'33 Variations' at La Jolla Playhouse

THEATER REVIEW

Moisés Kaufman ponders intellectuals who embrace the beauty of the everyday.

LA JOLLA -- There's a reason why there are so few memorable works about the births of artistic masterpieces: The creative process is boring. Writers, painters and musicians dawdle interminably over details and decisions that common mortals simply don't have the patience, not to say masochism, for.

Playwright and director Moisés Kaufman ("The Laramie Project" and "Gross Indecency: The Three Trials of Oscar Wilde"), however, is always up for a challenge. In his latest offering, "33 Variations" -- the divinely staged if occasionally earthbound drama that opened Sunday at La Jolla Playhouse -- he imaginatively speculates on Ludwig Van Beethoven's long and arduous composition of the curiously inspired "Diabelli Variations."

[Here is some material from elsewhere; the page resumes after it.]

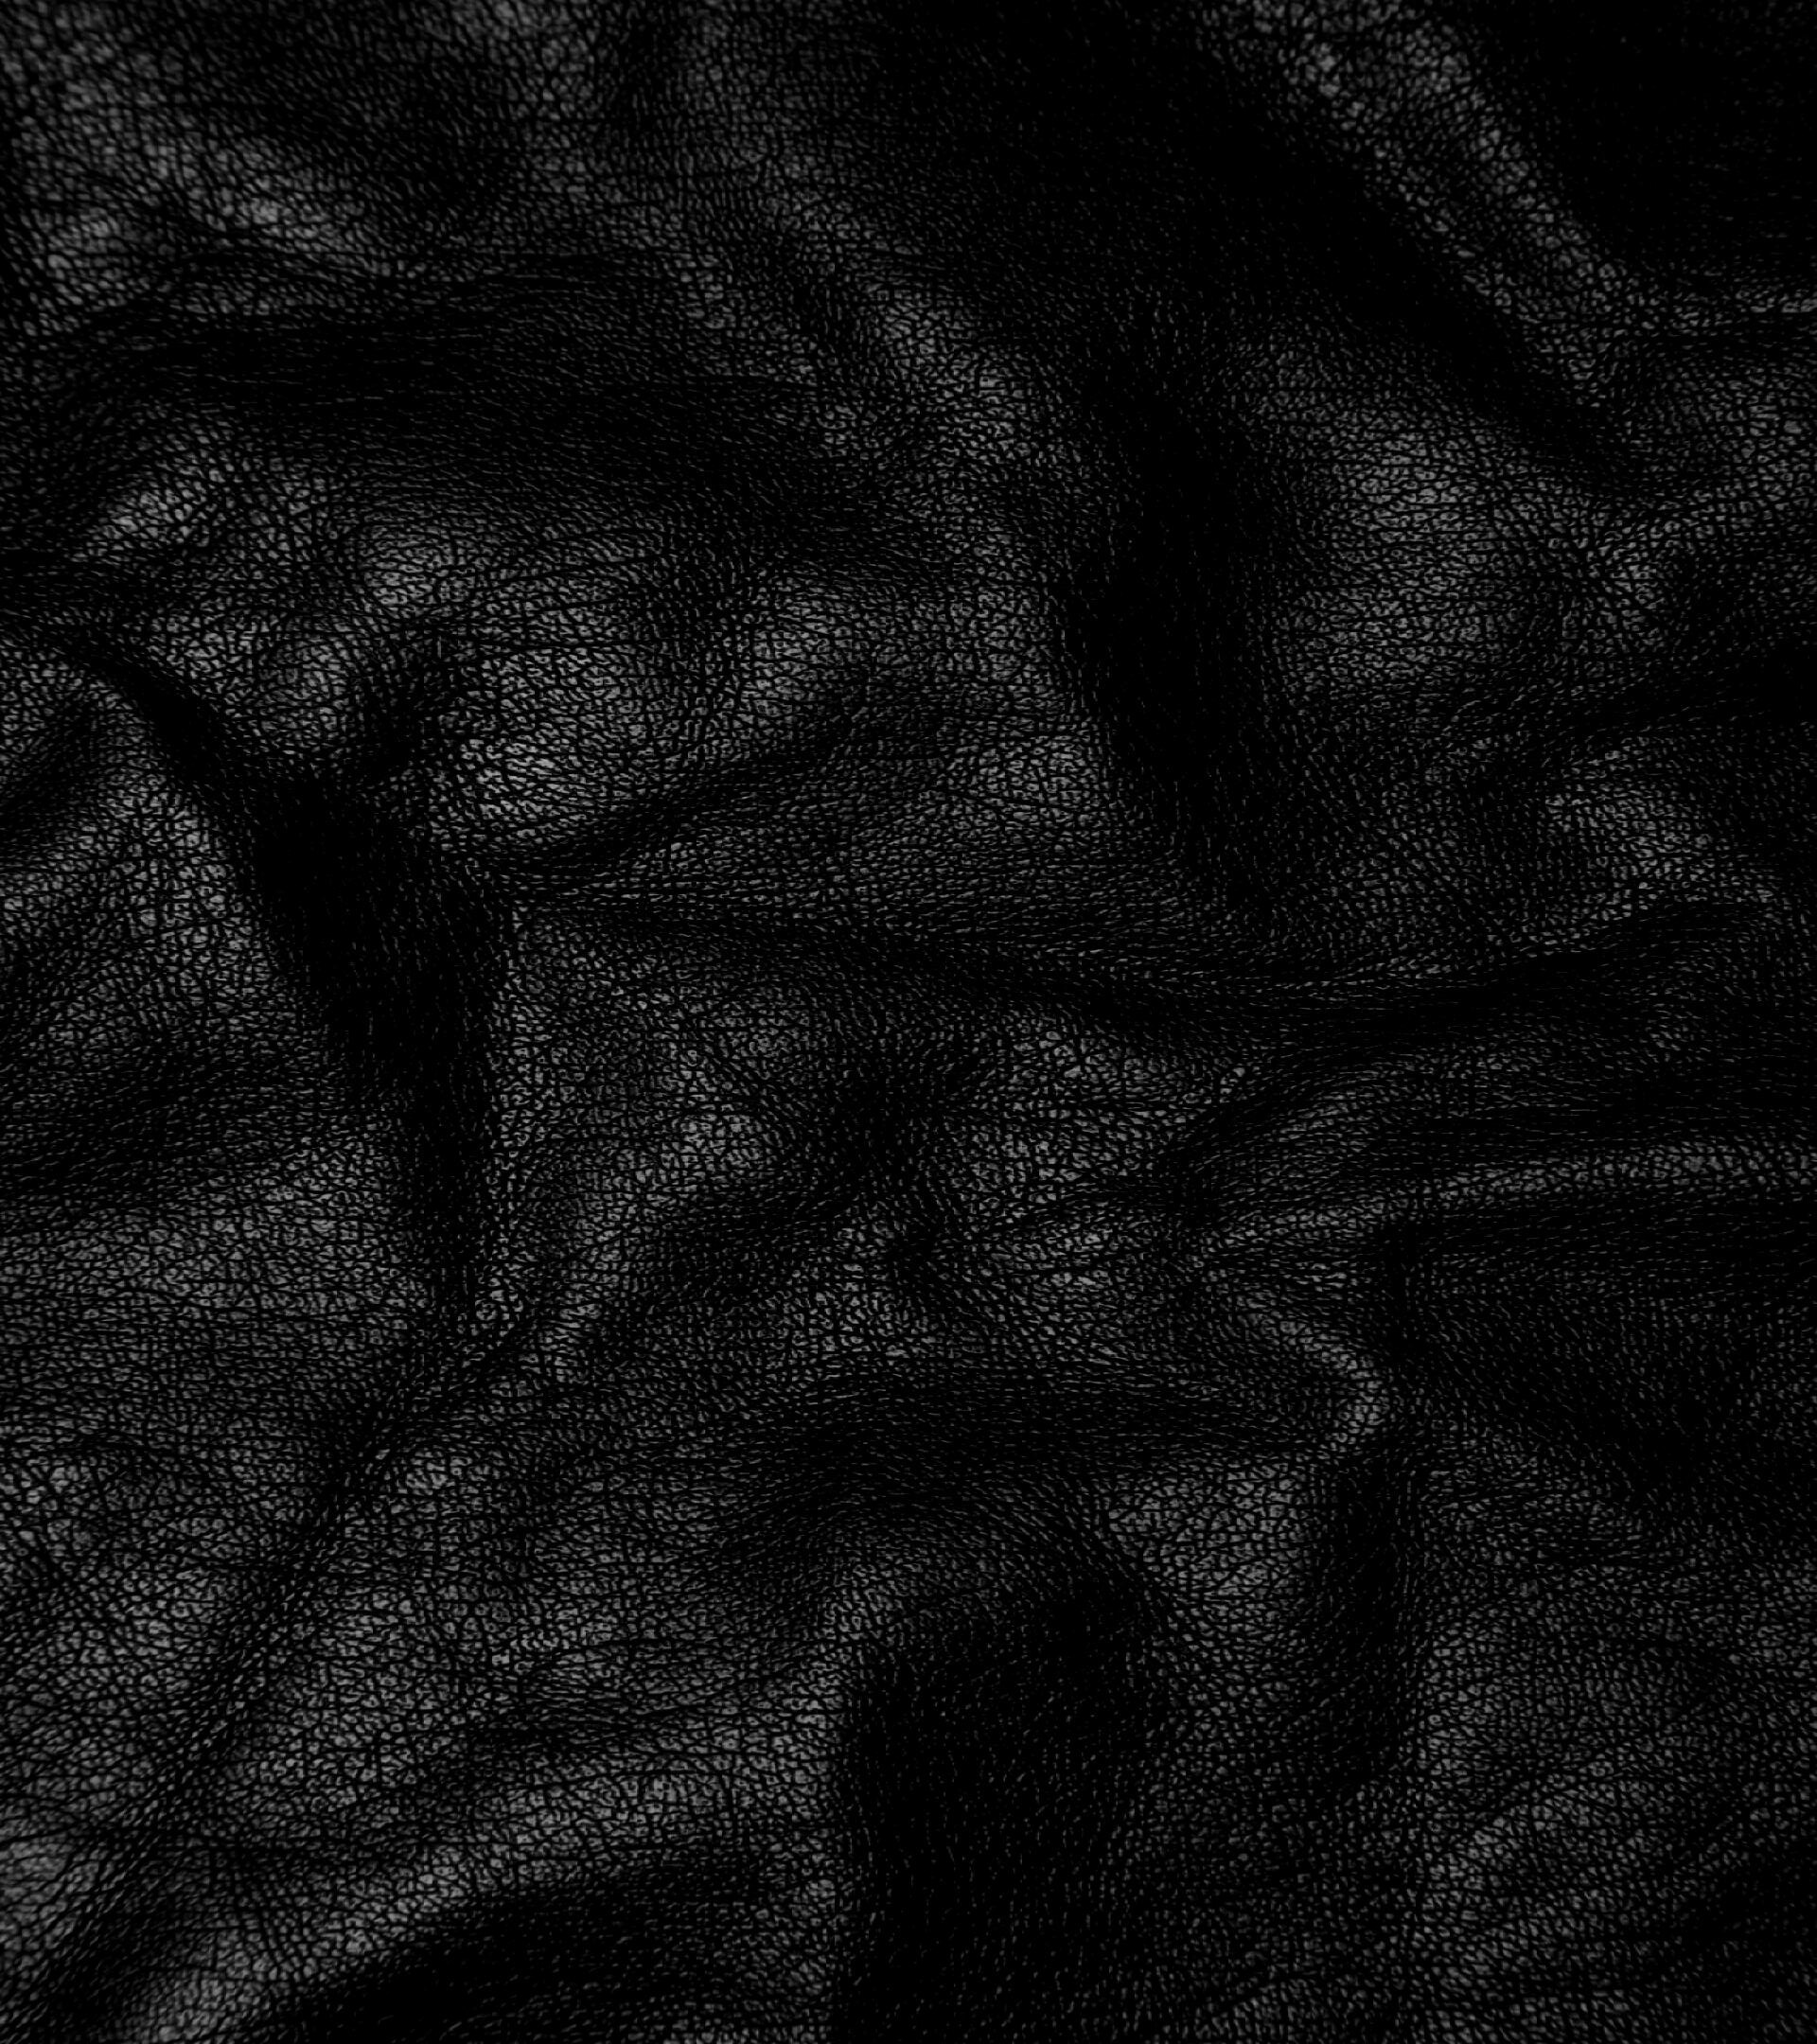 1920x2160 black_leather-wallpaper-105169 (...).jpg, 1MiB, 
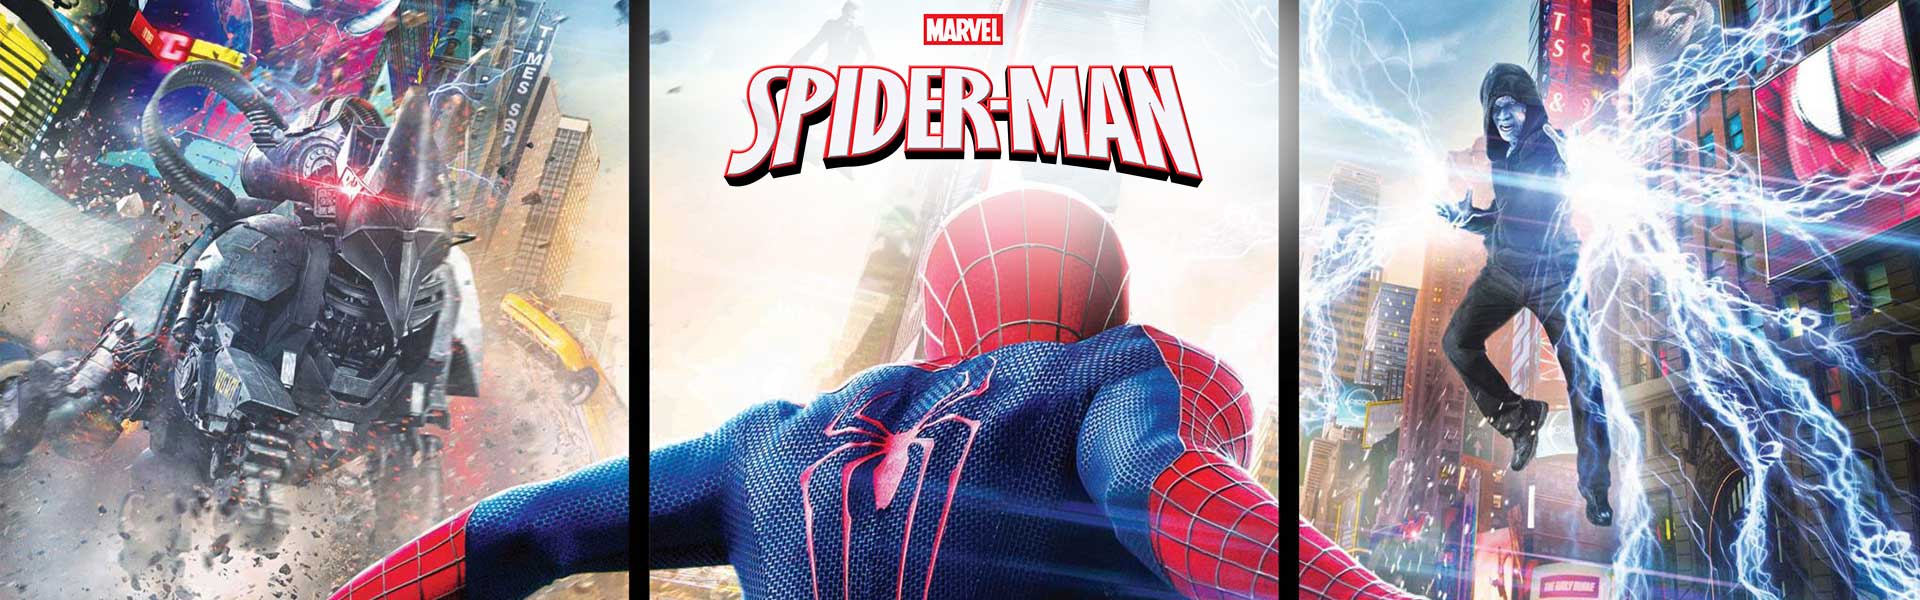 TREFL SPIDER-MAN Palapeli Hämähäkkimies, 30 palaa Spiderman

It's an intriguing dramatic premise when you consider that this revered musical oddity stemmed from an invitation put out by the wealthy music publisher Anton Diabelli to 50 Viennese composers (including Czerny, Liszt and Schubert) to write a variation on his waltz. In the play's version of events, Beethoven (played with a cartoon sketchiness by Zach Grenier) is initially not interested in the offer by Diabelli (Don Amendolia), famously dismissing the piece as a "cobbler's patch" before mysteriously taking up the task with his customary compulsive brio.

Kaufman is fascinated with the way something ordinary was transfigured into something extraordinary, an accomplishment that has been ranked with Bach's "Goldberg Variations." But he's just as eager to understand our obsession with the origins of phenomenal achievement, which is why much of the play is set in the present.

Katherine Brandt (Jayne Atkinson, in a most welcome appearance) is an American musicologist determined to write her last monograph on what is considered to be one of Beethoven's greatest piano scores. Brandt isn't nearing retirement age, but she's been diagnosed with amyotrophic lateral sclerosis, otherwise known as Lou Gehrig's disease, and fears that she doesn't have a lot of mobility ahead of her.

Clara (a nicely unsentimental Laura Odeh), Katherine's prickly daughter, doesn't like the idea of her mother going off to Bonn alone to do research, but she also knows there's no stopping this single-minded scholar. Their relationship is fraught, in large part because Katherine is an overachiever while Clara, a chronic career-changer currently dabbling as a costume designer, is content to sulk and drift.